**TO DO:**
In the entries that follow, repeat exactly the lines from the one that has "12_20160924_feedback_00005" through the one that has "Cantante de Ópera, fallecido", but omit pictures.

**GIVEN DATA:**
● ● ● ●
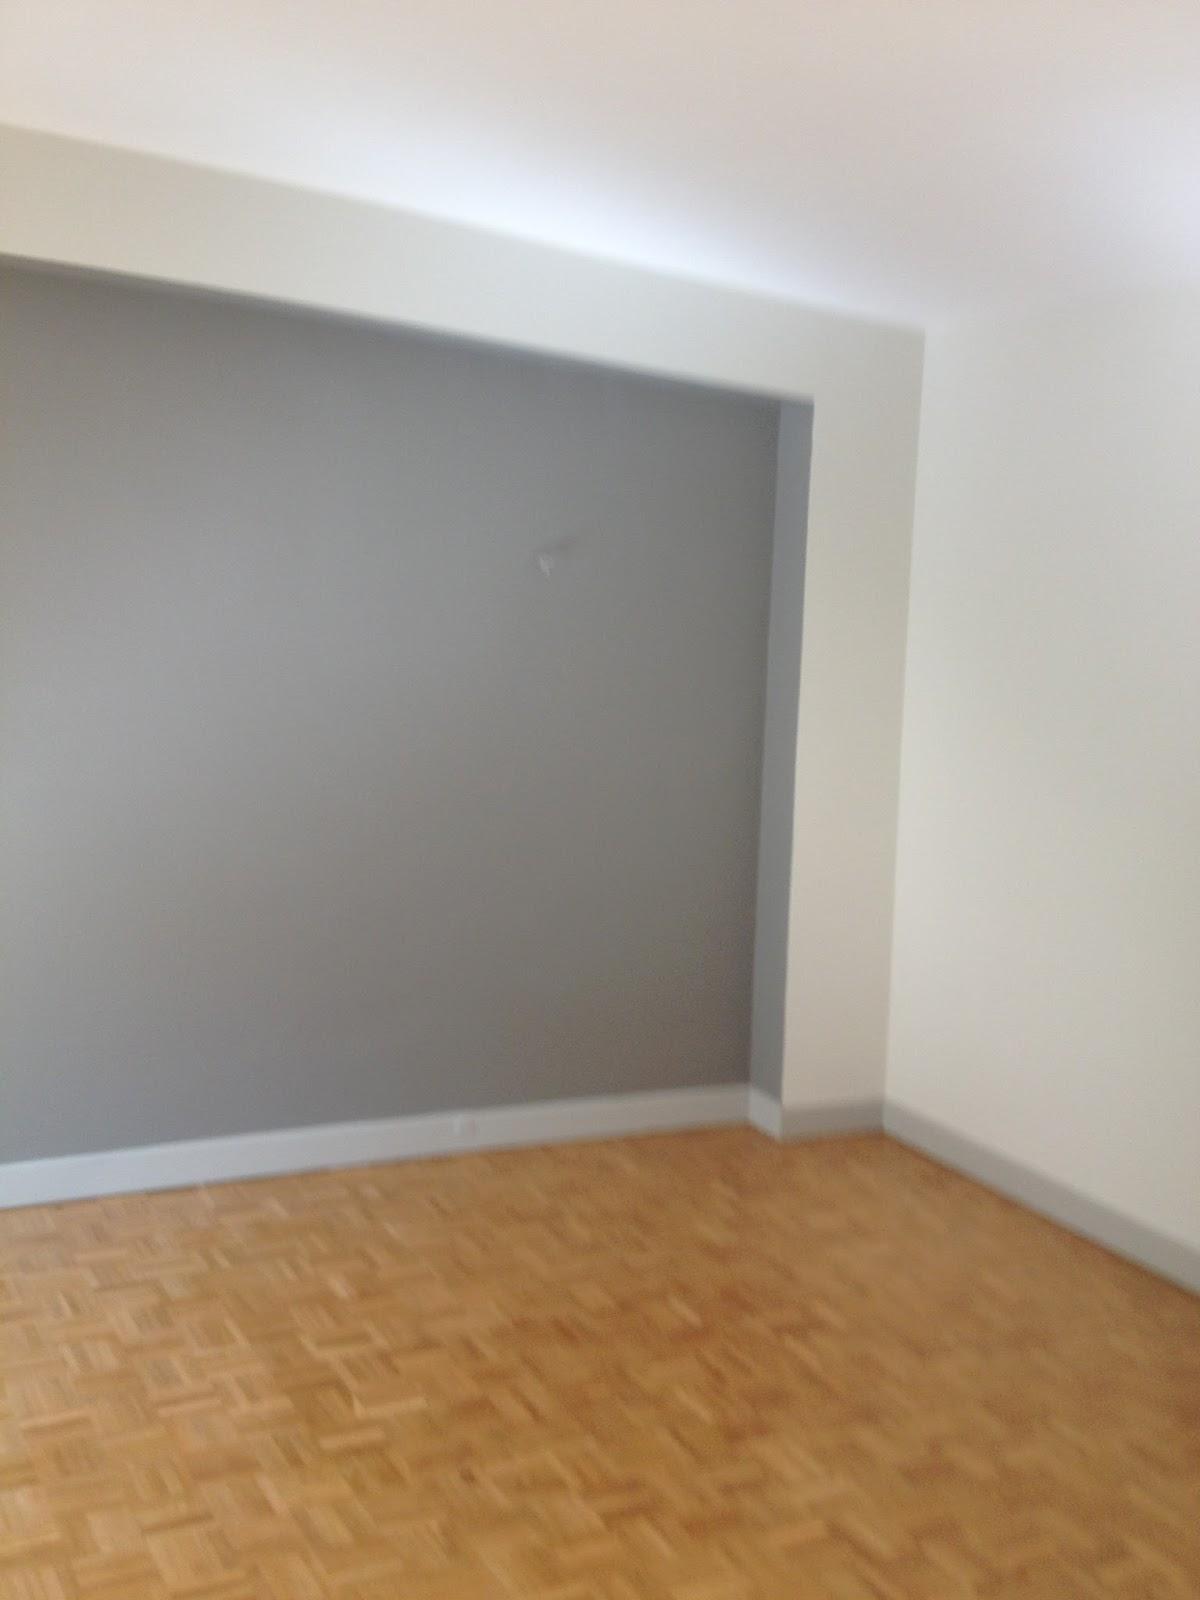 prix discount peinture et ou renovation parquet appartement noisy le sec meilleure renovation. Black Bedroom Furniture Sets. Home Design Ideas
● ● ● ●
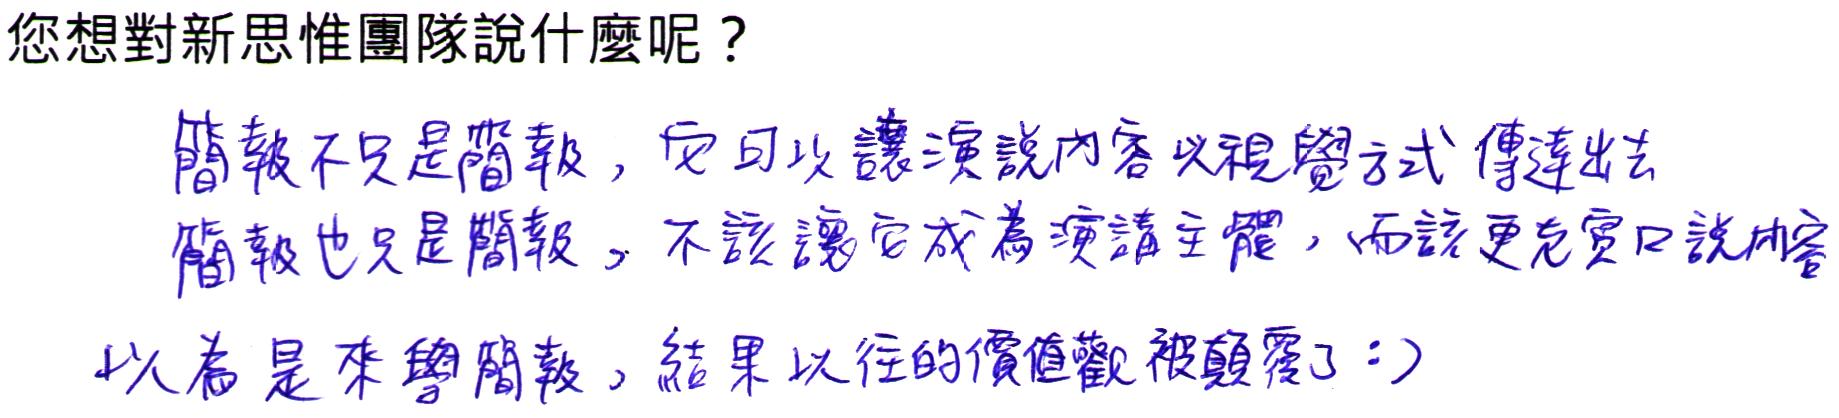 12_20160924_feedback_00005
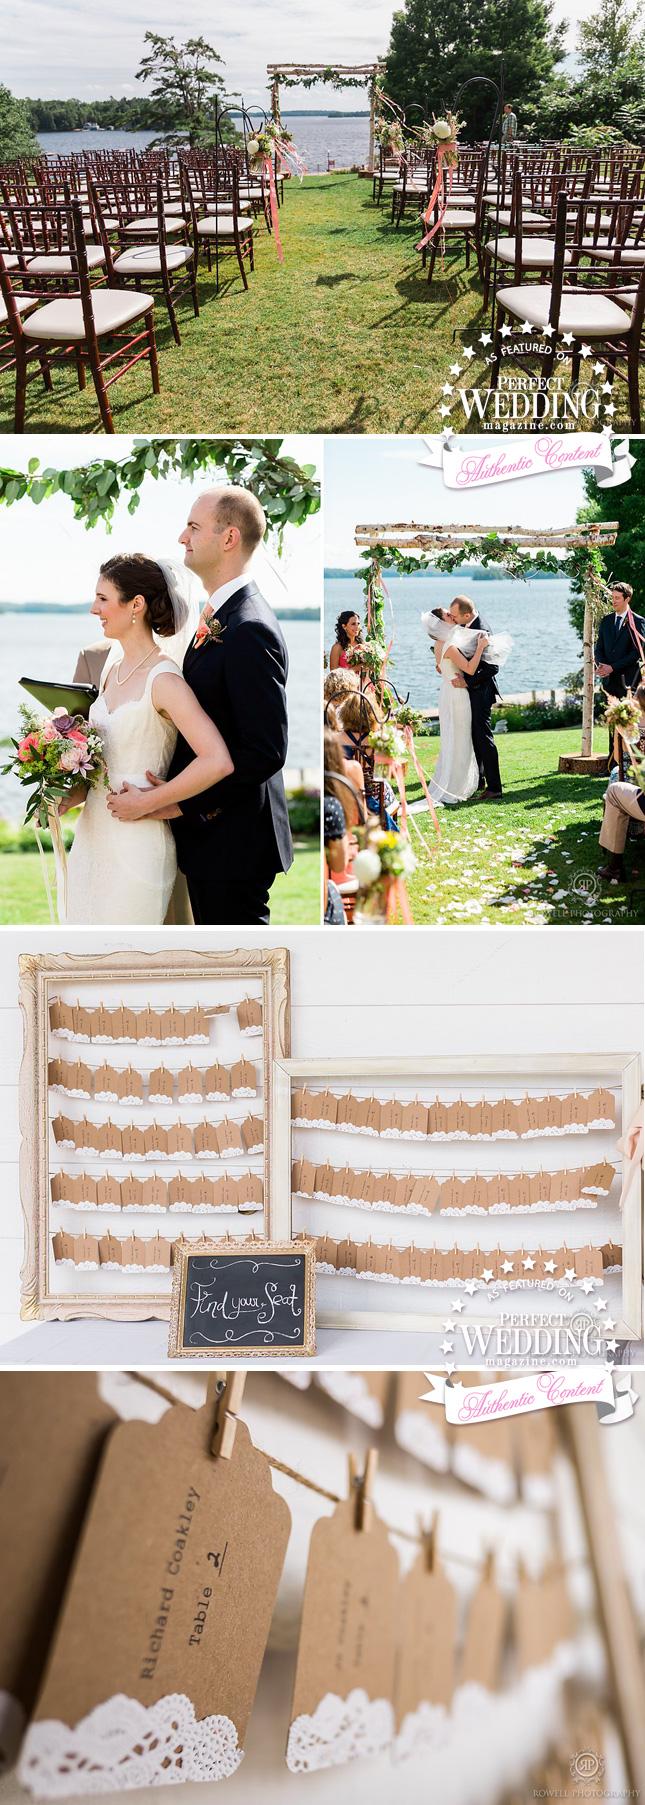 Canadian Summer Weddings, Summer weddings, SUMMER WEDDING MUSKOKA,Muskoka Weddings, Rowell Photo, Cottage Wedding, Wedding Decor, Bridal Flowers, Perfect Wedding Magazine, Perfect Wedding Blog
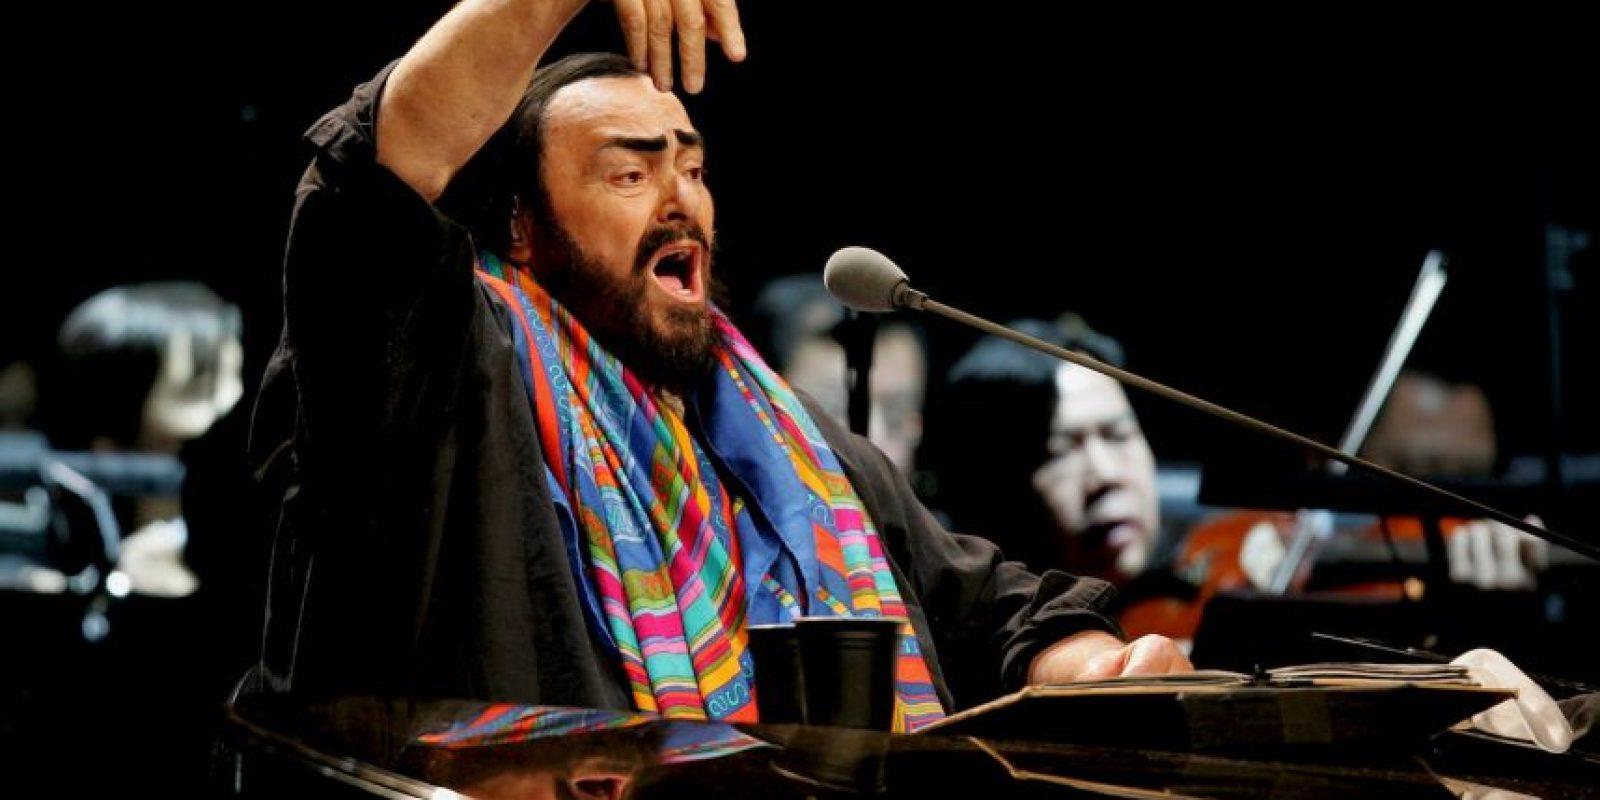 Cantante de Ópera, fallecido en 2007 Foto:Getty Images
● ● ● ●
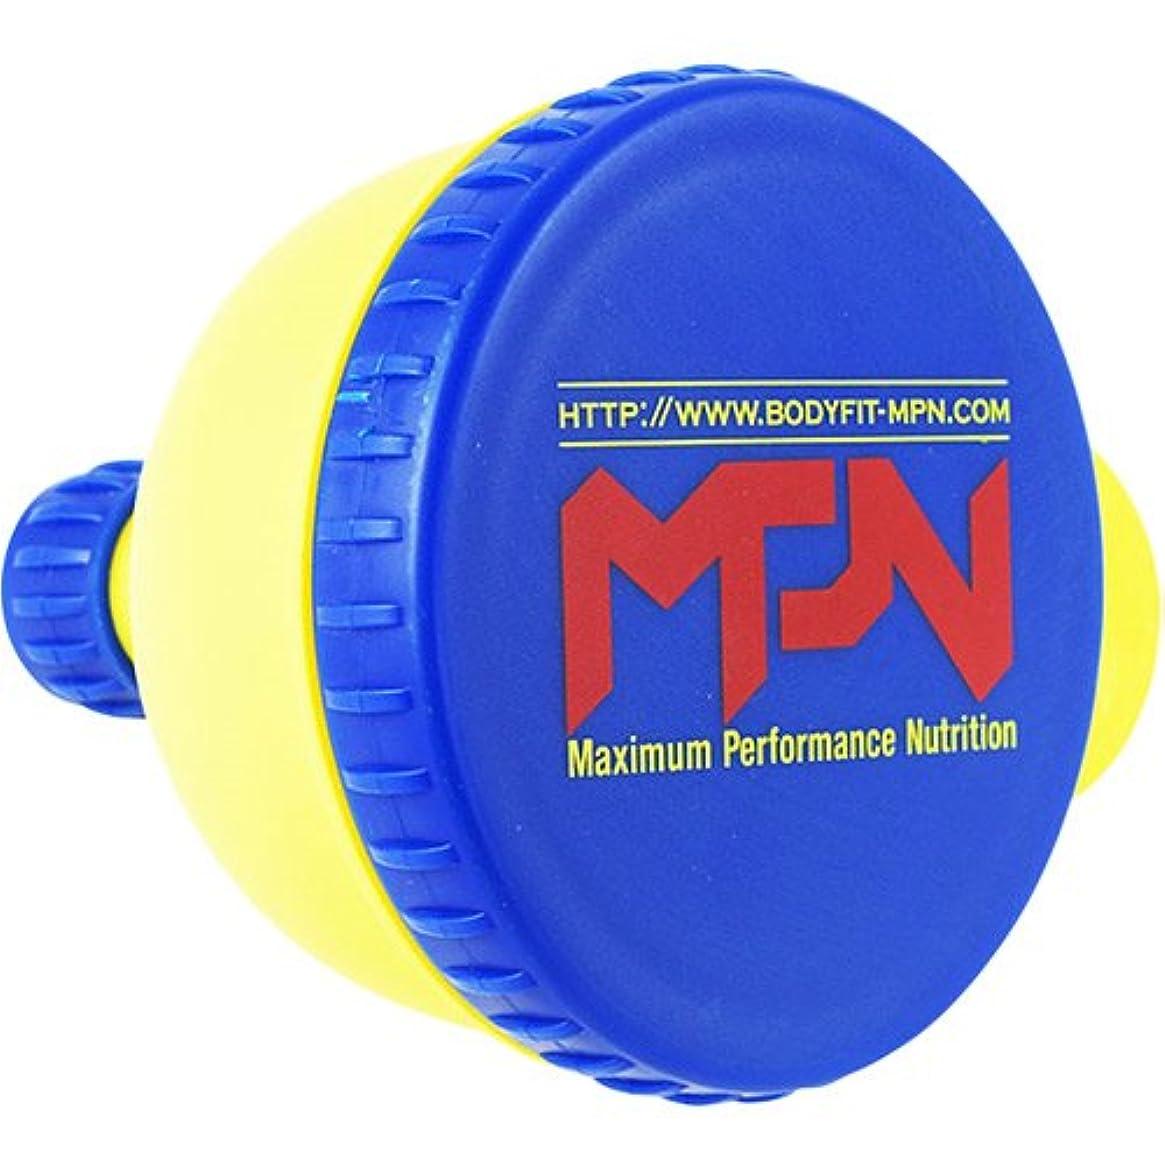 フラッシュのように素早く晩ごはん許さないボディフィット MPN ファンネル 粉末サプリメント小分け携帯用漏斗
● ● ● ●
**SOLUTION FOR THIS TASK:**
 12_20160924_feedback_00005
 Canadian Summer Weddings, Summer weddings, SUMMER WEDDING MUSKOKA,Muskoka Weddings, Rowell Photo, Cottage Wedding, Wedding Decor, Bridal Flowers, Perfect Wedding Magazine, Perfect Wedding Blog
 Cantante de Ópera, fallecido en 2007 Foto:Getty Images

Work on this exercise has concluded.